Dallington shook his head. “No. I can’t.”
CHAPTER FORTY-SEVEN
Every day in that first two weeks of April, a different parcel—often several—would come to the house at Hampden Lane, addressed for Leigh. They contained ever more mysterious contents, nets, wooden cages, oscilloscopes and microscopes, weather gauges. All of them went into Leigh’s ad hoc study, where they piled up as he sorted them with tender care into a pair of enormous trunks.
“A person would think you were setting out for the jungles of the Amazon,” said Lady Jane critically one day, as Leigh opened a package containing several blank logbooks.
“I learned a long time ago that it is all the jungles of the Amazon, Lady Jane, looked at in the right light.”
“What nonsense.”
Leigh smiled. “Yes, probably.”
He had another project upon which he was working, too. One day Lenox came into the house and Leigh was measuring the doorway. “What are you doing?” he asked his old friend.
“Nothing.”
“Come now, you must answer that question in a man’s own house.”
Leigh smiled. “Well, it’s a surprise.”
Lenox frowned at him. “I don’t
want anything that you doubt might fit through this doorway.”
“In fact it will be invisible.”
“Eh?”
Leigh smiled, in his sphinxlike way, and walked off, humming.
As Rowan’s trial approached, word seeped out into London that he was, in all likelihood, going to be convicted. It was hard to say what had prompted the change—the sudden escalation of the newspaper coverage, perhaps, or alternatively Rowan’s eviction from the rolls of the Royal Society.
Frost and Lenox were often closeted together, going over their case notes in hopes that they might help the Queen’s Counsel in his prosecution of the case. Lenox was set to testify. So was Leigh; the thing keeping him in London—except, except, Lady Jane kept saying, he certainly did seem fond of Matilda Duckworth’s company.
“What bothers me,” Frost said one morning in the coffee room at Scotland Yard, “is Middleton.”
“What do you mean?”
“I like a tidy case. You and Leigh have survived. Middleton—we still don’t know the circumstances of the meeting they had, the one that led to his death.
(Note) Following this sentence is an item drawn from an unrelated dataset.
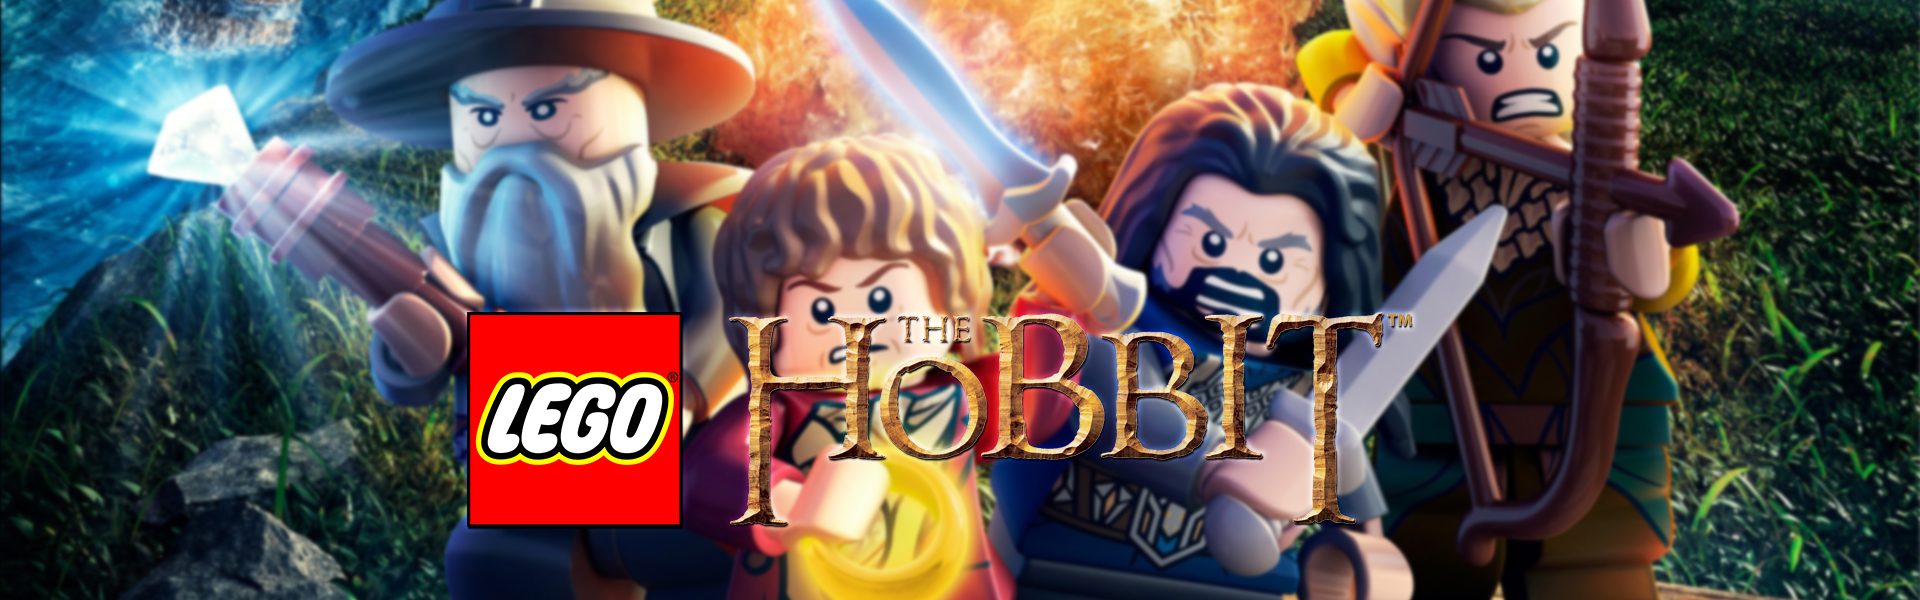 https://robwestwood.com/wp-content/uploads/2013/01/Hobbit-Banner.jpg
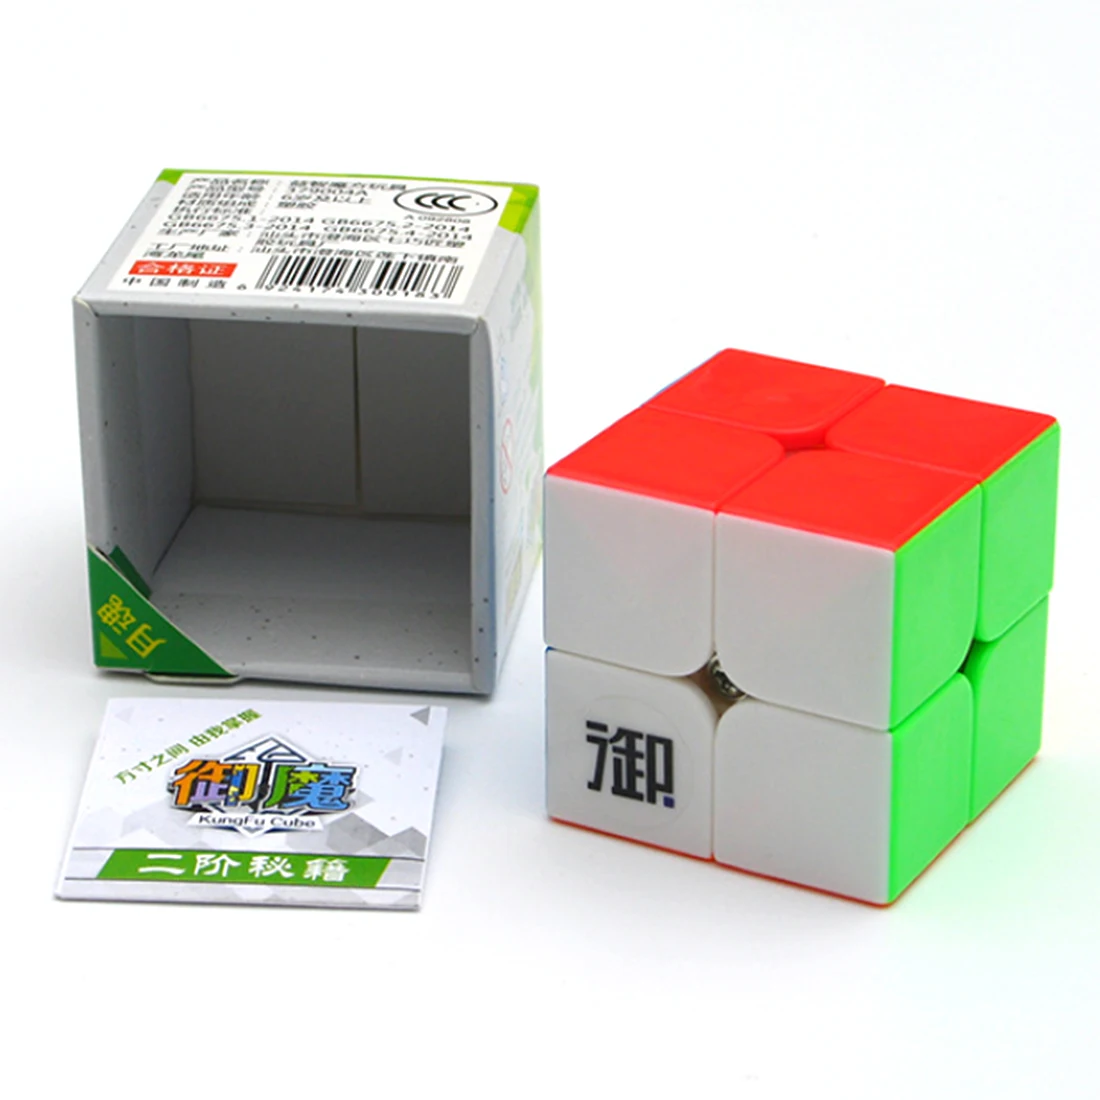 Yumo Yuehun Magic Cube 2x2 Кунг Фу куб пазл игрушки для конкурс вызов красочные Stickerless версия

Did Middleton object to something Rowan asked of him? Or did he simply know too much? Was it the Farthings who shot him, or Rowan? I would like to know.”
Lenox looked troubled. “We may never.”
“Yes, and that’s why I say it bothers me.”
In fact, the case held a few surprises still.
On the sixteenth of April, a day when the whole world seemed green, Lenox was working at the offices at Chancery Lane. Dallington was in his office, door closed, and Polly was out with Anixter, tracing a necklace that had been pawned by the impulsive daughter of a wealthy yeast merchant, who had used the money to elope to Spain.